その後は、適切な治療を受けて、活動量も増えたそうです。
ケースデータ②過剰な拾い食い
あるパピヨンの飼い主様に「愛犬の拾い食い、特に草を食べるのが酷い」とご相談いただきました。
様子を見てみると、確かに草食動物のように、生えている草をかたっぱしから食べていきます。
また、普段から吐くことが頻繁にあるとのこと。
この草を食べる行動は、正常行動とは言い難いことから、念のため動物病院へ診察して頂きました。
結果、血液検査は特に問題なく、身体面の異常は無いようでした。
そこで、飼い主様には栄養面の改善を中心として行うことをご提案しました。
食事内容を変更してから3週間後には、ほとんど草をたべなくなり、頻繁に嘔吐していたのもなくなりました。
わたしの経験上、犬の問題行動のうち
・「食べる」に関連する問題
・飼い主の行動が強化子になっていない可能性が高い
上記の2つを満たす場合は、栄養の改善で大きく行動が変わるケースが多くあります。
例)食糞、異食症、フードアグレッシブ(食物関連性攻撃行動)など
まとめ
犬の行動は、「SOS」である可能性もあります。
上記でご紹介した2つのケースは、応用行動分析学を用いたトレーニング方法で飼い主が望む行動に誘導していくことは恐らく可能です。

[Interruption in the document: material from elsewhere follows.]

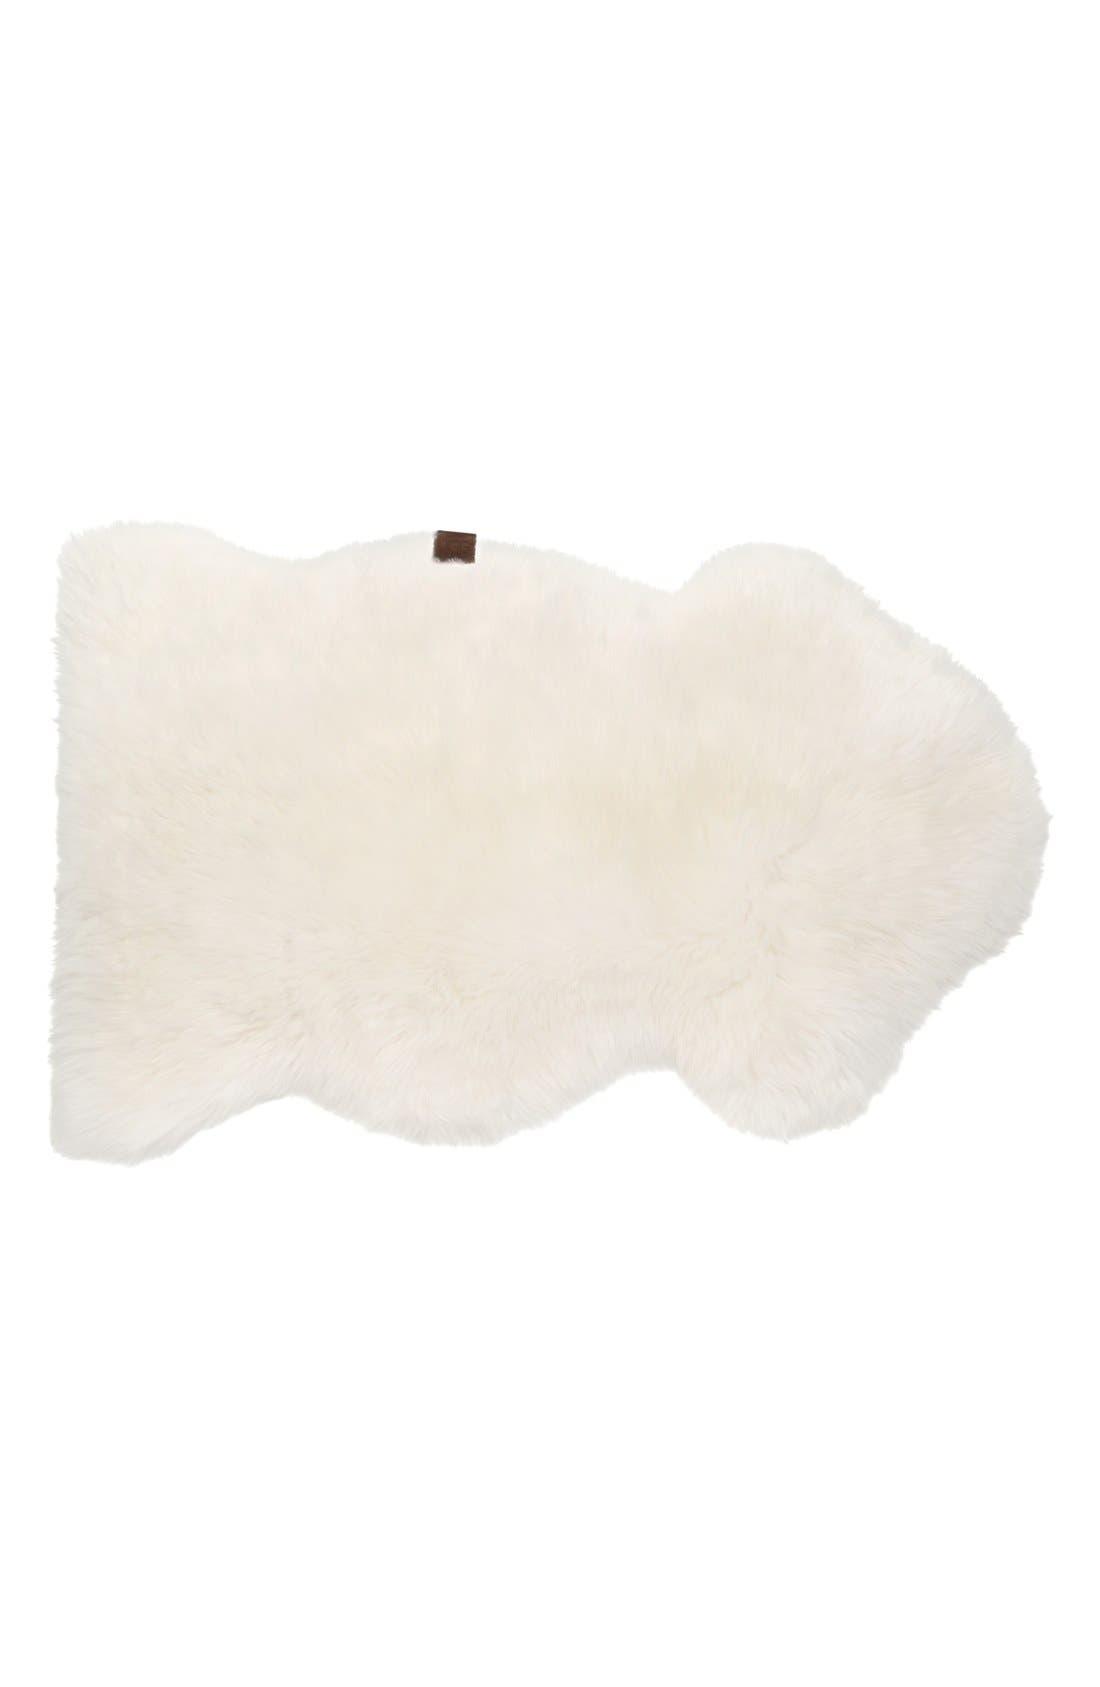 Alternate Image 1 Selected - UGG® Genuine Sheepskin Rug

しかし、この「SOS」を見逃して、人の望む行動を強制的にトレーニングすることで、問題がより深刻になる可能性もあります。
オヤツ(食べ物)を使用していたとしても、犬に強制していることもあるので要注意です!
犬の行動を変える場合は、かならず「栄養面・健康面」には問題ないか確認したうえで、行うことをお勧めします。
とくにプロのドッグビヘイビアリストや犬の行動コンサルタント、ドッグトレーナー、訓練士などは、最後の砦です。
飼い主では気づけないような些細な違和感もプロの方が気づいてあげてくださいね。